Cette étude est permise par l’exploitation de trois ensembles de sources différentes mais complémentaires et
émanant du même producteur, le chapitre de la collégiale Notre-Dame de Beaune. Des documents comptables, les
comptes du cellérier, forment une longue série conservée depuis l’année 1331, malheureusement pas de manière
exhaustive3. La série ne peut être considérée comme relativement continue qu’à partir de 1375, et encore en plein
XVe siècle, des années entières ont disparu. Toutefois la période postérieure à 1401 est documentée par les registres
capitulaires4, dans lesquels ont été recopiés la plupart des contrats d’amodiation – là encore, tous n’y sont pas – tandis
que des renseignements innombrables permettent de dresser une prosopographie du clergé beaunois et donc des
amodiateurs. Enfin, quelques rares terriers dressés par les preneurs au cours de leur amodiation ont été conservés,
l’un de 1380, l’autre du milieu du XVe siècle5, les autres pour l’époque moderne.
Nous verrons tout d’abord les grands principes de cet impôt perçu par amodiation au profit du chapitre.
Cependant, cet impôt reste difficile à cerner, notamment à cause de la façon dont il est levé. En effet, à Beaune, s’il
est un impôt sur les vignes, il n’est pas forcément un impôt sur la récolte.
I) Un impôt amodié par le chapitre
1) Un impôt ecclésiastique sur les vignes du finage de Beaune
En tant que seul curé de la ville de Beaune, le chapitre de Notre-Dame de Beaune est le destinataire attendu
des dîmes à prélever sur l’étendue du territoire paroissial. Les dîmes qui nous intéressent sont celles que les textes
appellent les ‘grandes dîmes de Beaune’, c’est-à-dire les grandes dîmes des vignes qui se trouvent sur le finage de
Beaune. Quelques sources les indiquent comme dîmes du vin – « recepta de decimis vini6 » mais la référence au
territoire de Beaune domine largement dans la documentation. Cette dîme porte donc sur les fruits de l’ensemble des
vignes se trouvant dans les limites de Beaune. L’ensemble… à l’exception des vignes appartenant à un certain
nombre d’ordres religieux qui peuvent en être exemptés. Aucune vigne appartenant aux hospitaliers de Beaune, par
exemple, n’est citée dans les terriers qui ont été conservés. Toutefois, une grande abbaye comme Cîteaux paye la
dîme sur ses vignes de Beaune, selon des modalités que nous développerons plus loin.
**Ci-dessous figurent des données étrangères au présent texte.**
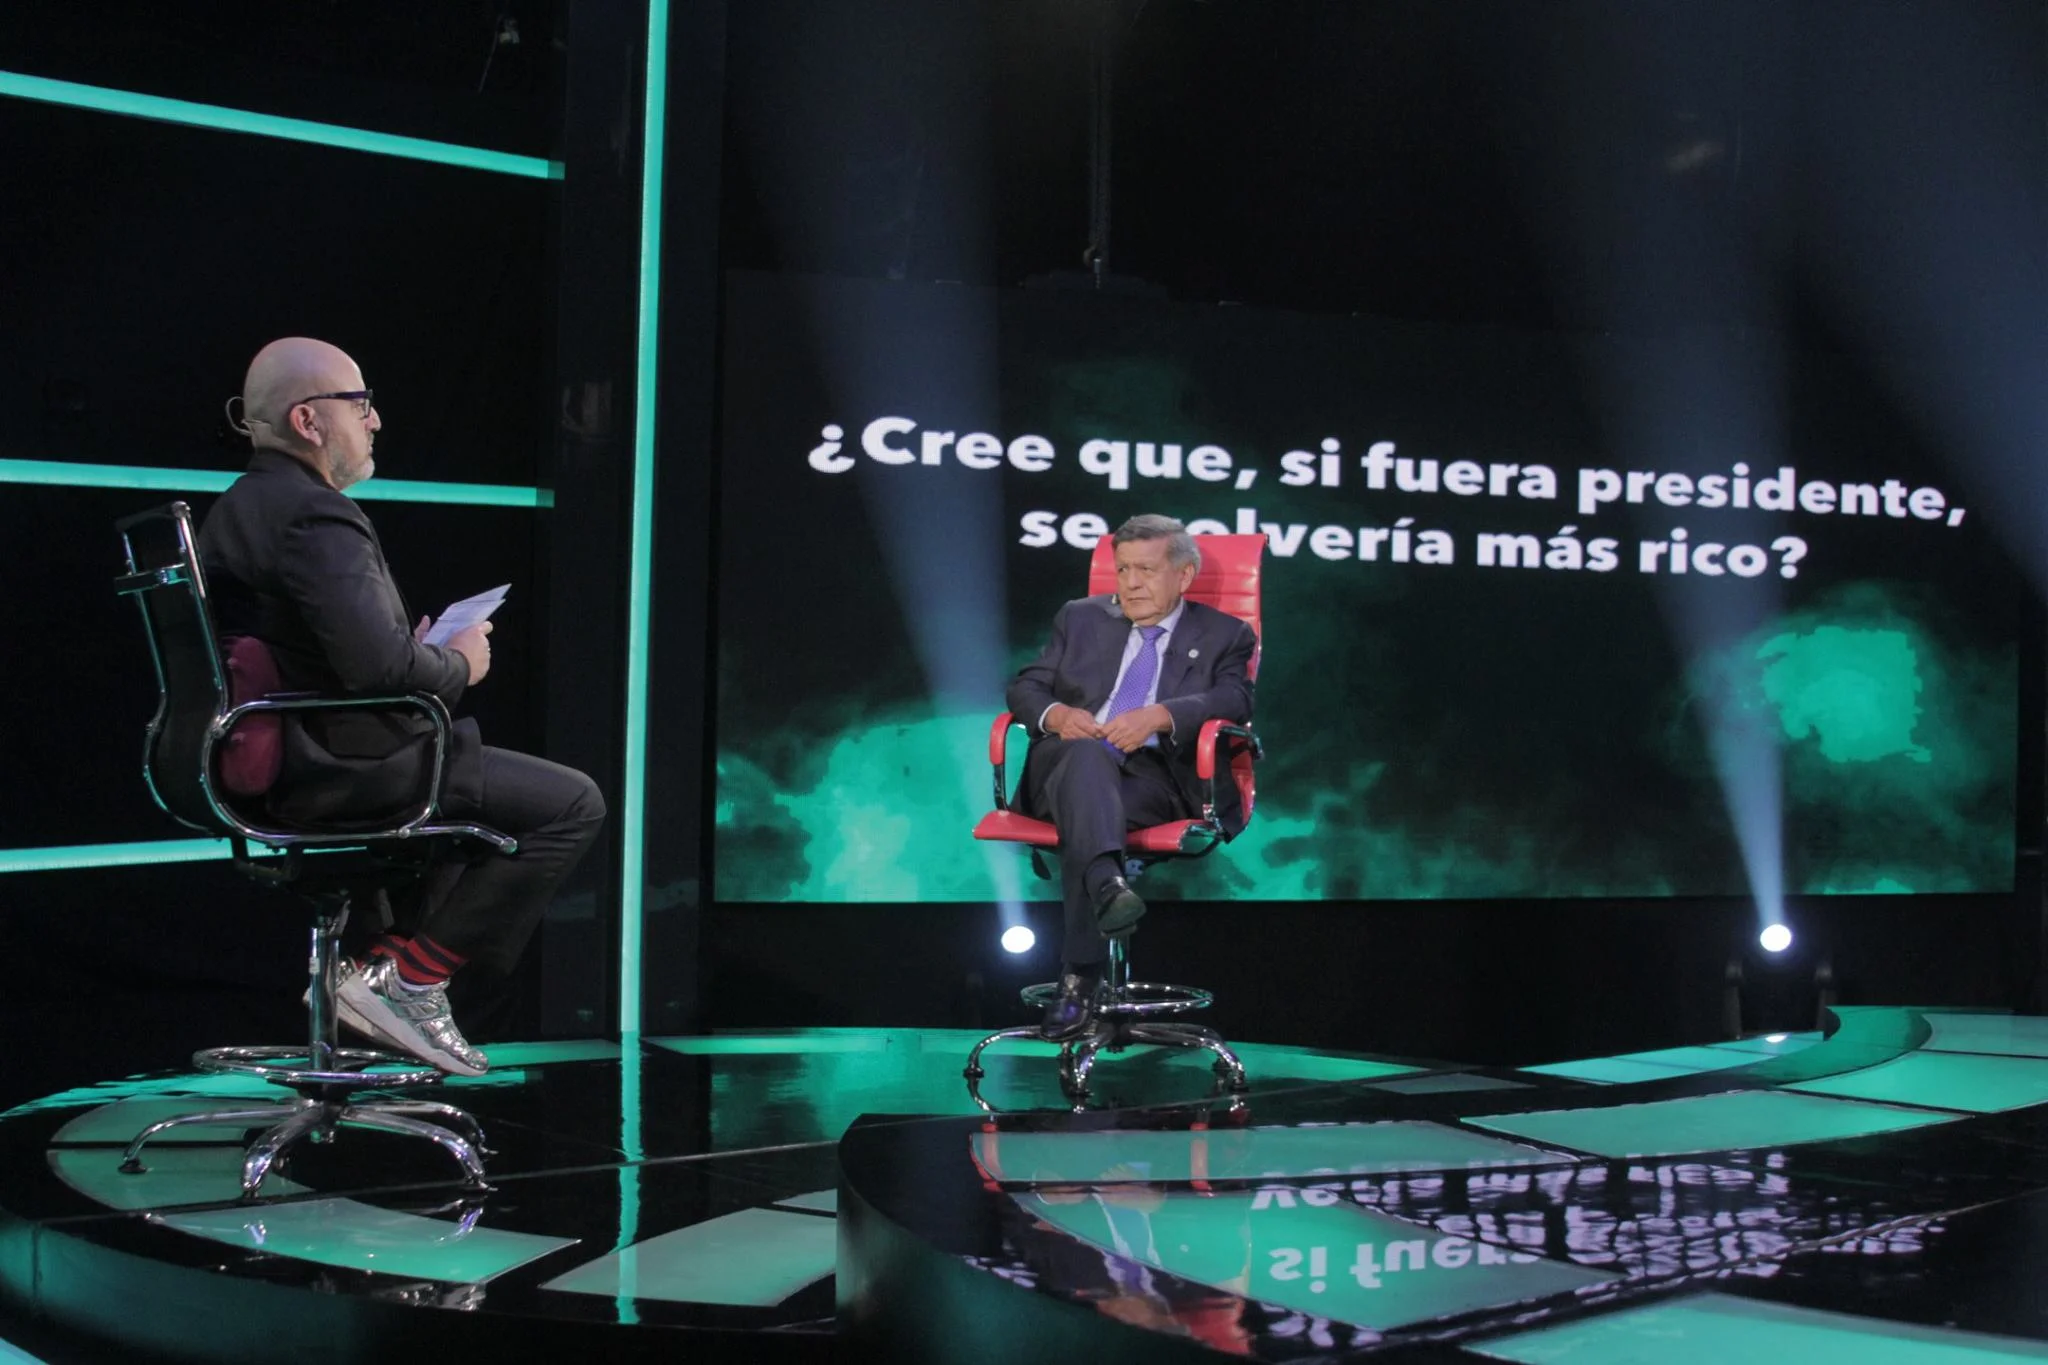 César Acuña confiesa que será más rico si es presidente

Quoi qu’il en soit, la superficie concernée est importante, puisque le terrier de 1380 dénombre 8 970 ouvrées,
soit environ 384 hectares, qui doivent la dîme au chapitre de Beaune7.
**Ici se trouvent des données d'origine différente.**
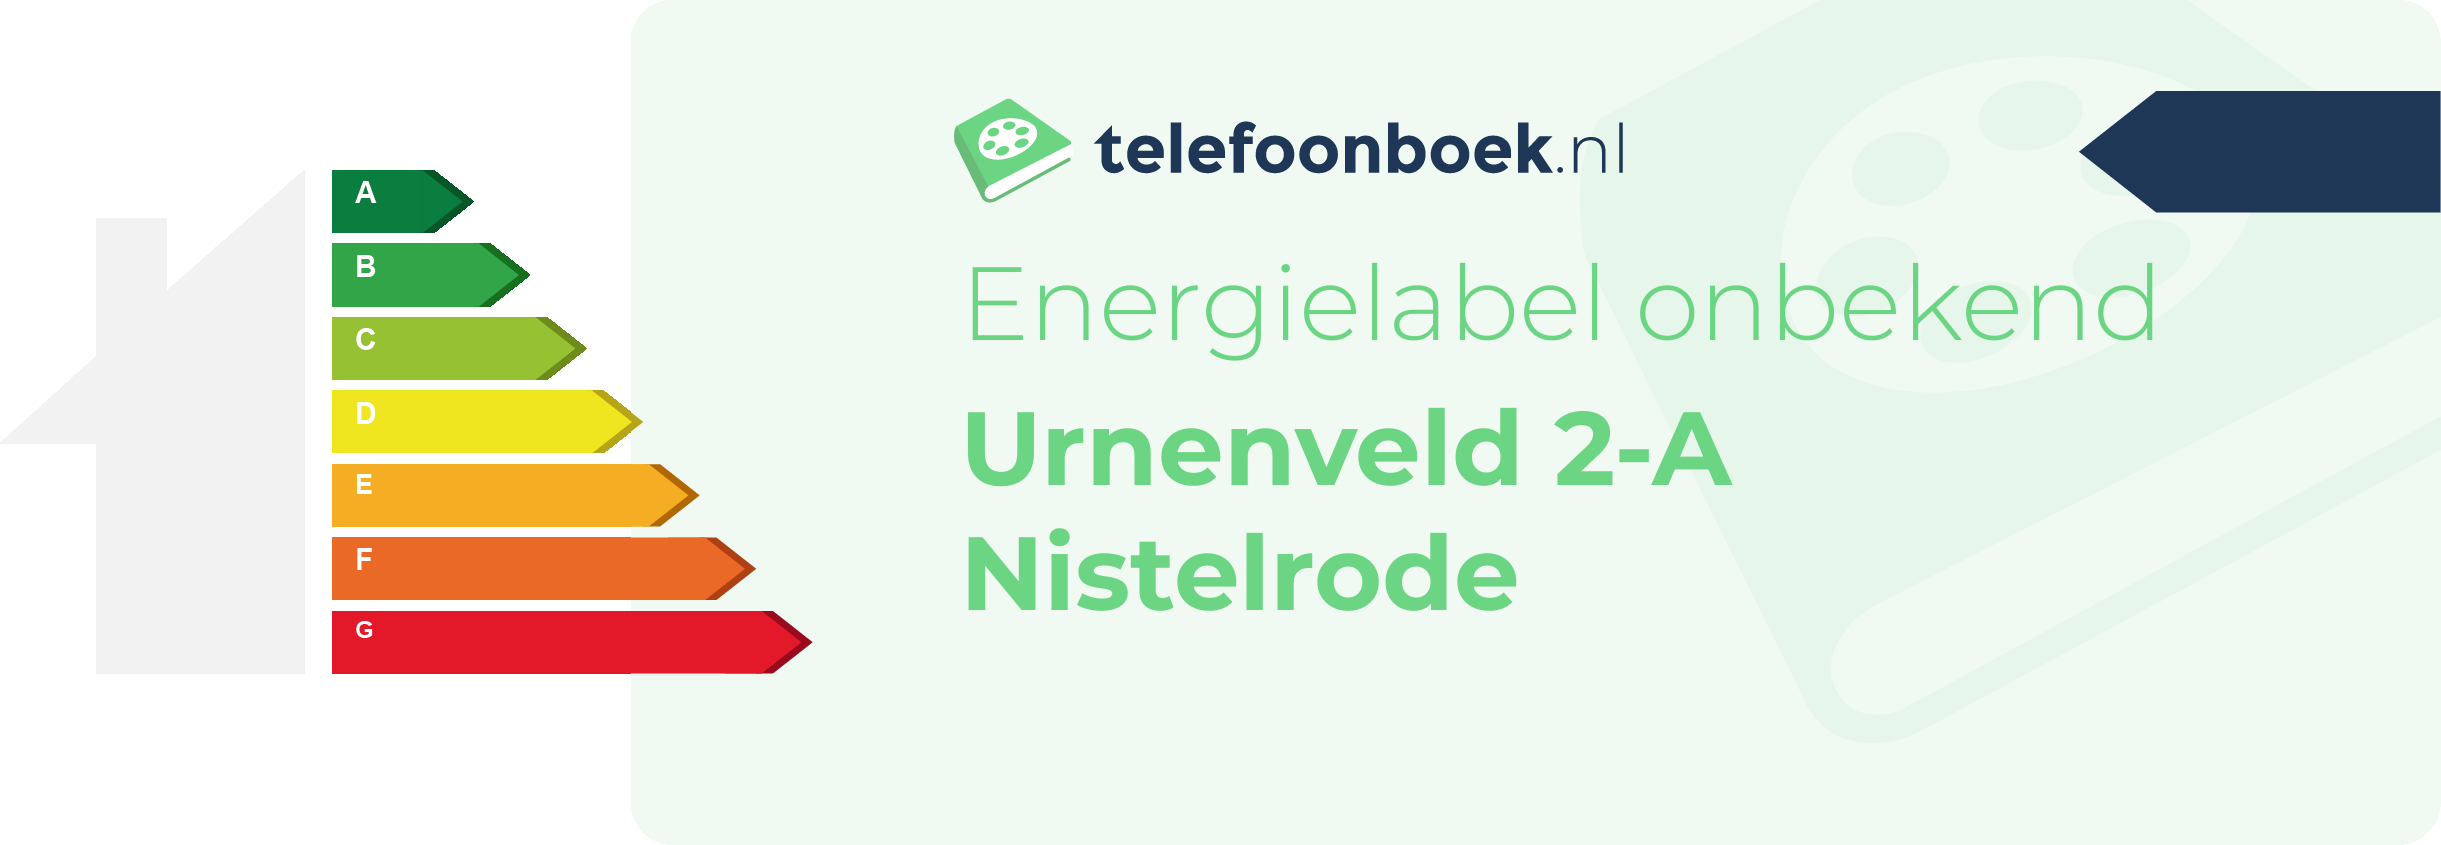 Energielabel Urnenveld 2-A Nistelrode

De ce fait, les amodiations des dîmes représentent les plus gros de tous les contrats d’affermage de biens du
chapitre. Elles s’élèvent en moyenne à 200 francs au XVe siècle, alors que la recette des cens atteint au mieux 65
francs. Le bail des dîmes des vignes de Beaune représente une transaction équivalente – même si la nature des
éléments amodiés est radicalement différente ! – à l’amodiation de l’église Saint-Pierre, seule église de la ville, la
collégiale exceptée, à être située à l’intérieur des remparts, et de ce fait centre de la plus grosse paroisse de Beaune.
1 FAVIER (Jean), « Dîme », Dictionnaire du Moyen Âge, dir. Claude Gauvard, Alain de Libera, Michel Zink, Paris, PUF, 2002, (« Quadrige »), p.
420-421 ; LEPOINTE (G.), « Dîme », Dictionnaire de droit canonique, dir. R. Naz, t. 4, Paris, Letouzey & Ané, 1949, col. 1231-1244.
2 Sur un sujet qui nous est moins familier que l’étude sociologique du clergé beaunois, cet article a profité des idées échangées avec Vincent
Tabbagh, professeur en histoire du Moyen Âge à l’Université de Bourgogne, et avec Hannelore Pepke-Durix et Thomas Labbé, docteurs en
histoire du Moyen Âge de l’Université de Bourgogne. Qu’ils soient ici remerciés pour leurs judicieuses remarques.
3 Archives départementales de la Côte-d’Or (désormais ADCO), G 2918.
4 ADCO G 2480 et suivants.
5 ADCO G 2902/107 et 108.
6 ADCO G 2918/3, fol. 31v.
7 ADCO G 2902/107. Chiffres cités dans RENAUD (Guy), Histoire de Beaune, Châtillon-sur-Chalaronne, Éditions de la Taillanderie, 2005, p. 55.